Nissl bodies are distinct, basophilic structures observed within the cytoplasm of neurons. They are composed of clusters of rough endoplasmic reticulum and ribosomes, which play a crucial role in protein synthesis [21,22]. Nissl bodies are abundant and large in neurons under healthy physiological conditions. However, in instances of neuronal damage or pathology, alterations in Nissl bodies can occur [23]. This can manifest as a reduction in or even the complete disappearance of Nissl bodies within affected neurons [24]. The loss or depletion of Nissl bodies indicates disruption in neuronal protein synthesis and overall cellular health. This is often associated with neuronal degeneration [25], dysfunction [26], or death [27]. Consistent with previous studies, our results showed a reduction in Nissl bodies in the arsenic-exposed groups, as indicated by the lighter Nissl staining. This reduction serves as an indicator of nervous system injury resulting from arsenic exposure. Furthermore, Nissl staining allowed us to observe pathological lesions in different brain regions. In the CA1 region, we observed a decrease in the number of vertebral cells following arsenic exposure. This finding suggests a potential link between arsenic exposure and cognitive abnormalities, such as decreased long-term memory. In the CA3 region, we observed abnormal cell proliferation or reduction after arsenic exposure. These changes in cell morphology and organization may impact the formation and retrieval of spatial memory, a function associated with the CA3 region [28]. Severe vacuolar degeneration was observed in the DG region. This vacuolar degeneration may be associated with nerve damage resembling depressive symptoms [29,30]. However, the underlying mechanisms of this association require further investigation.
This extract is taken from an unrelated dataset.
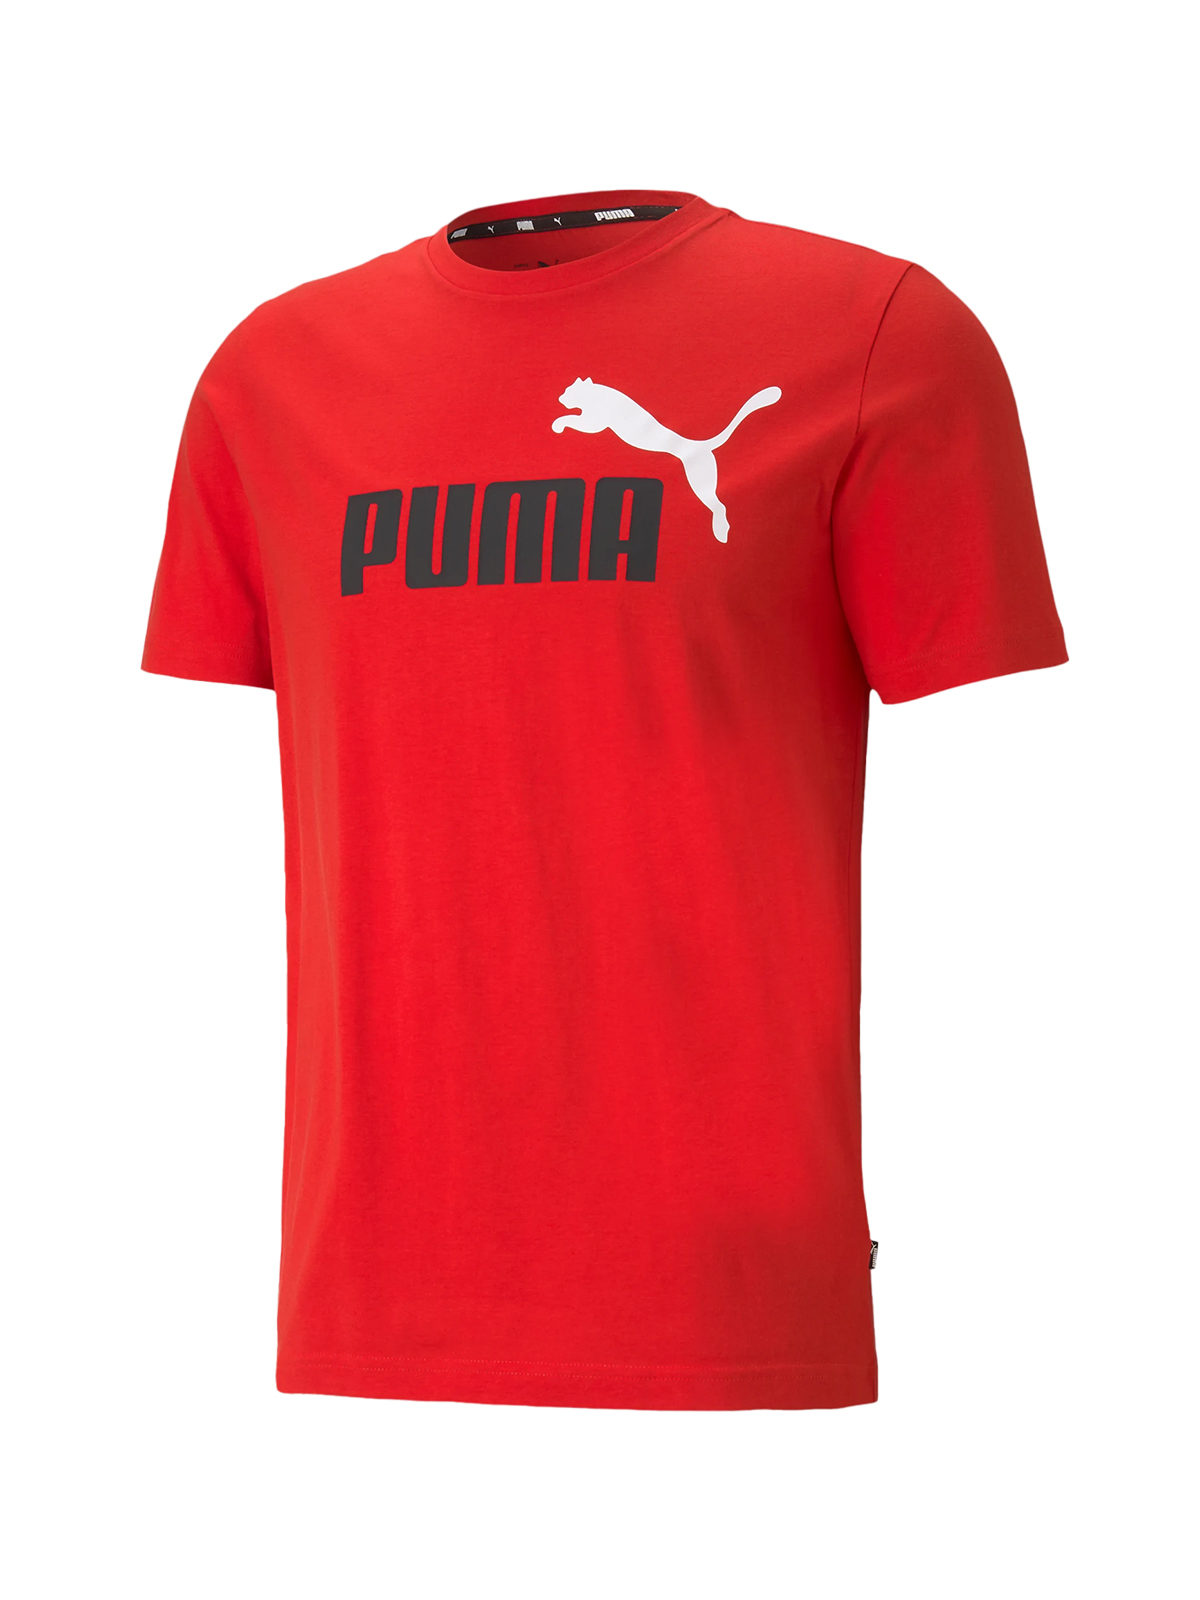 Puma ESS + 2 short sleeve COL T-shirt: LOGO on TEE at Men\'s 20.69€ sale for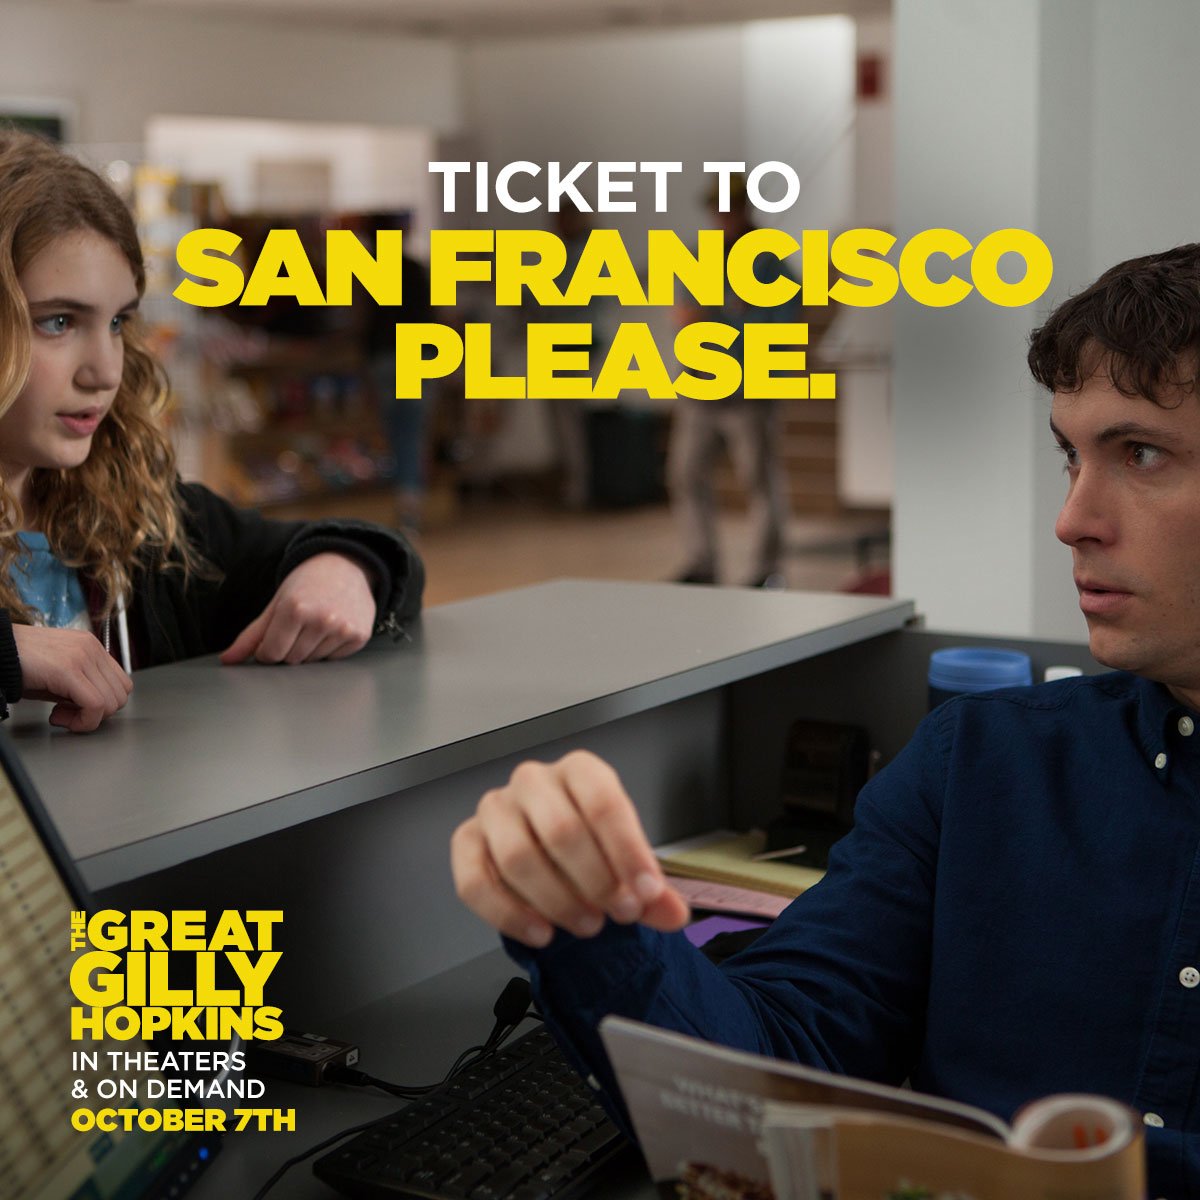 Gilly's trying to find her way home. See #SophieNelisse star in #TheGreatGillyHopkins, in theaters and on demand now!

Transmission electron microscopy revealed that high-dose arsenic exposure led to damage in the nucleus morphology of hippocampal neurons, while mitochondrial swelling and abnormal synaptic morphology were observed across all the arsenic exposure groups. Arsenic-induced mitochondrial swelling can disrupt energy production processes within the mitochondria, resulting in energy metabolism disorders [31]. Additionally, this may interfere with the antioxidant system of mitochondria, leading to elevated oxidative stress [32]. Furthermore, arsenic can interfere with the function of calcium channels and transporters in mitochondria, causing a disturbance in calcium balance [33]. The abnormal synaptic morphology induced by arsenic can disrupt normal neuronal signaling [34,35]. A decrease in the synaptic vesicle count or impairment of synaptic function can affect neurotransmitter release and the excitatory or inhibitory state of postsynaptic neurons [36]. Changes in structure may be accompanied by changes in function. Such an abnormal synaptic structure may heighten the risk of neurodegenerative diseases, including Alzheimer’s disease and Parkinson’s disease [37,38]. Further investigations are necessary to explore the underlying mechanisms responsible for these pathological injuries.
LncRNAs have garnered significant attention due to their ability to regulate gene expression indirectly. Extensive researches have illuminated the vital roles that lncRNAs played in neural development, brain function injury, and neurodegenerative changes [39]. These molecules are recognized as key regulators of neuronal differentiation, development, and regeneration within the intricate landscape of the nervous system [40]. This study also placed a significant focus on lncRNAs. Leveraging high-throughput sequencing techniques, we identified a total of 177 differentially expressed lncRNA molecules, with 75 lncRNAs being up-regulated and 102 lncRNAs being down-regulated. The KEGG functional enrichment analysis of differentially expressed lncRNAs uncovered their significant enrichment in signaling pathways related to neurodegeneration, Huntington’s disease, and other neurological injuries. Further analysis through GO indicated that these molecules are primarily associated with neuronal differentiation, altered ribosome function, and mitochondrial dysfunction. It is worth noting that the functional roles of many lncRNAs remain poorly understood, highlighting the need for further exploratory studies in this area.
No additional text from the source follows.